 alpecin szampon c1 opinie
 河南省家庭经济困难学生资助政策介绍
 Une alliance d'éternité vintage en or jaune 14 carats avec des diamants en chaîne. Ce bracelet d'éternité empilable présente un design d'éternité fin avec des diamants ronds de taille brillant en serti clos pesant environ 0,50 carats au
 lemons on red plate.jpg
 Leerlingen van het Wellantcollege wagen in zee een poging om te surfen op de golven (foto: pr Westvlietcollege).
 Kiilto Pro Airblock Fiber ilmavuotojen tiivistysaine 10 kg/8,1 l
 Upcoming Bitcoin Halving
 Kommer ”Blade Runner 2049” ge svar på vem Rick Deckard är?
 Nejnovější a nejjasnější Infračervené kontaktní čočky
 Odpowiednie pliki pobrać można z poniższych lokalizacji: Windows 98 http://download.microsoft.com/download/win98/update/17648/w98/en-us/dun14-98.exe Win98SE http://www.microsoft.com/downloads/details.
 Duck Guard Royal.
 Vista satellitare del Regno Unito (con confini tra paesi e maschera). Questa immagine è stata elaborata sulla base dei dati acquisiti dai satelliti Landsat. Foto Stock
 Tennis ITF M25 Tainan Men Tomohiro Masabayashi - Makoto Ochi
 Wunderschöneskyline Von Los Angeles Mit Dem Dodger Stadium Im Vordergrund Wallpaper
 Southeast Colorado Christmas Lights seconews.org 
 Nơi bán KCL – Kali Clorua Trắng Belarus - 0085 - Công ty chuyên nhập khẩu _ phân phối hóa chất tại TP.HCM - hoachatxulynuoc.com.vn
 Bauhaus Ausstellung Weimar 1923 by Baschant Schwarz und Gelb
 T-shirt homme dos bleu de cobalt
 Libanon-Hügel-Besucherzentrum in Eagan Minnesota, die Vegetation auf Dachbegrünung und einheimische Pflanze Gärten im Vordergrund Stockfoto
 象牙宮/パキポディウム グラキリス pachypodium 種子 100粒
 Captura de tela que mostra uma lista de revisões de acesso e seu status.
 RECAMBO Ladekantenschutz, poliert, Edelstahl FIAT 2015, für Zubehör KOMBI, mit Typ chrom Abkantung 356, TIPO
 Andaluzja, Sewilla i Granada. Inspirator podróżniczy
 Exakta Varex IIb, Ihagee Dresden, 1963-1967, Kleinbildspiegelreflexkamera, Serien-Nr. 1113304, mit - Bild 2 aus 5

* WORK ORDER: Gather each line of the listing that holds the string "Vordergrund".

* REPLY:
 Wunderschöneskyline Von Los Angeles Mit Dem Dodger Stadium Im Vordergrund Wallpaper
 Libanon-Hügel-Besucherzentrum in Eagan Minnesota, die Vegetation auf Dachbegrünung und einheimische Pflanze Gärten im Vordergrund Stockfoto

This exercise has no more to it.